The Appeal Board noted that Pfizer in its appeal provided better and further particulars than had been provided to the Panel particularly with regards to the actual outcomes of Phase I and what Pfizer considered to be the misleading nature of the ABPI press release.

The Appeal Board noted that its role was solely to determine whether the activity at issue was joint working thereby triggering the requirement to publish an executive summary.

The Appeal Board noted its comments above and considered that the benefits listed in the protocol in relation to patients would only come about if Phases 2 and 3 were undertaken and completed; there was no patient centred benefit at the end of Phase 1.  The purpose of Phase 1 and its outputs were data centred rather than patient centred.  The Appeal Board considered that the arrangements at Phase 1 of the project in relation to NHS region were not a joint working project and thus no executive summary of the written agreement needed to have been published before the arrangements were implemented.  The Appeal Board ruled no breaches of the Code in this regard.  The appeal on both points was successful.

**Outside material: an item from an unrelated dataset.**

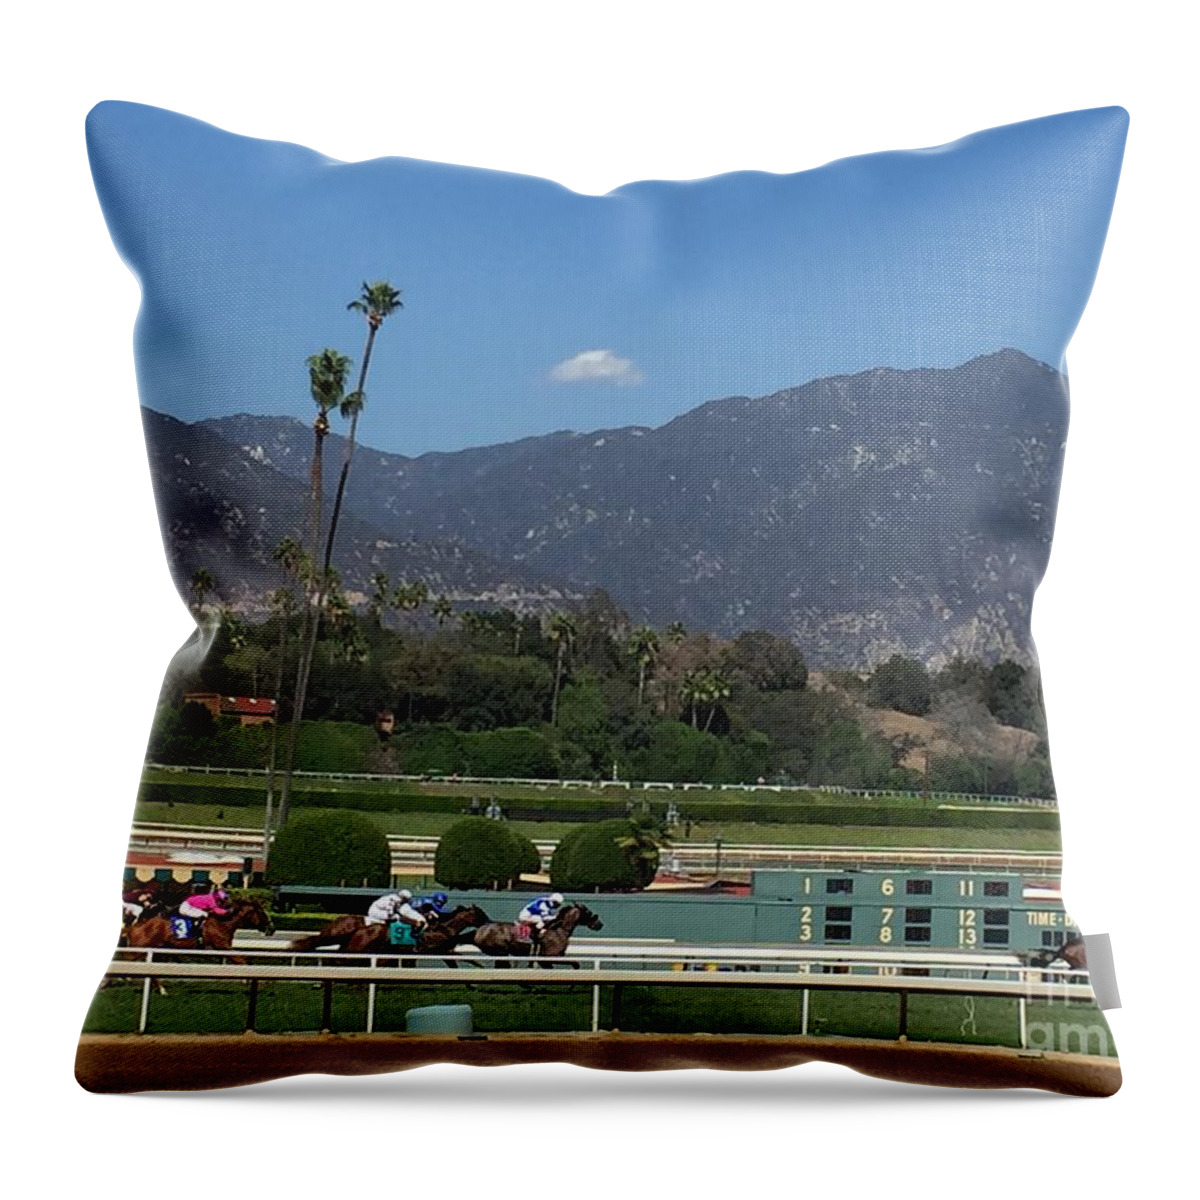 500 Views Throw Pillow featuring the photograph Santa Anita 3 by Jenny Revitz Soper
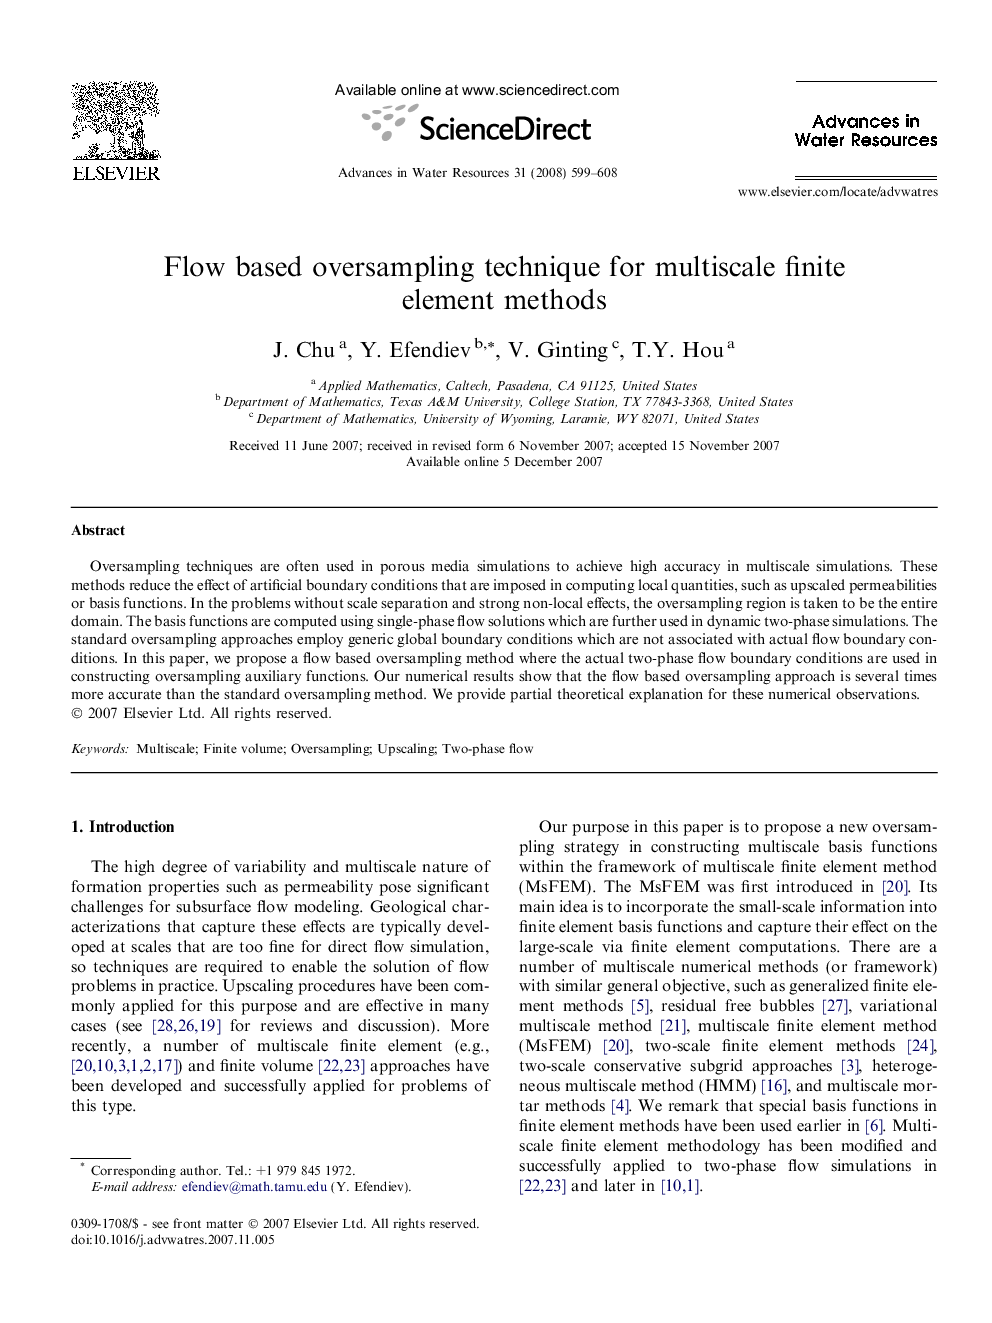 Flow based oversampling technique for multiscale finite element methods

Following its completion of the consideration of the appeals in Case AUTH/3045/6/18 and Case AUTH/3046/6/18 (AstraZeneca), the Appeal Board noted that the respondent companies in Case AUTH/3043/6/18 (Novartis) and Case AUTH/3044/6/18 (Roche), had accepted the Panel’s rulings of breaches of the Code and had not appealed.  AstraZeneca had appealed Case AUTH/3046/6/18.

The Appeal Board agreed that Novartis and Roche should be contacted and informed of the outcome of the appeals in Case AUTH/3045/6/18 and Case AUTH/3046/6/18.  The PMCPA Constitution and Procedure did not cover this unusual situation where more than one company was involved in the same set of circumstances and the Appeal Board had taken a different view to the Panel.  Novartis and Roche should each be offered the opportunity to appeal out of time and the appeal process would operate in the usual way.  The complainant should also be informed.  The reports for Case AUTH/3043/6/18 and Case AUTH/3044/6/18 should be updated to reflect the situation and to cross refer to the cases which were successfully appealed.  Roche declined the opportunity to appeal.  Novartis appealed and the Appeal Board subsequently ruled no breaches of the Code.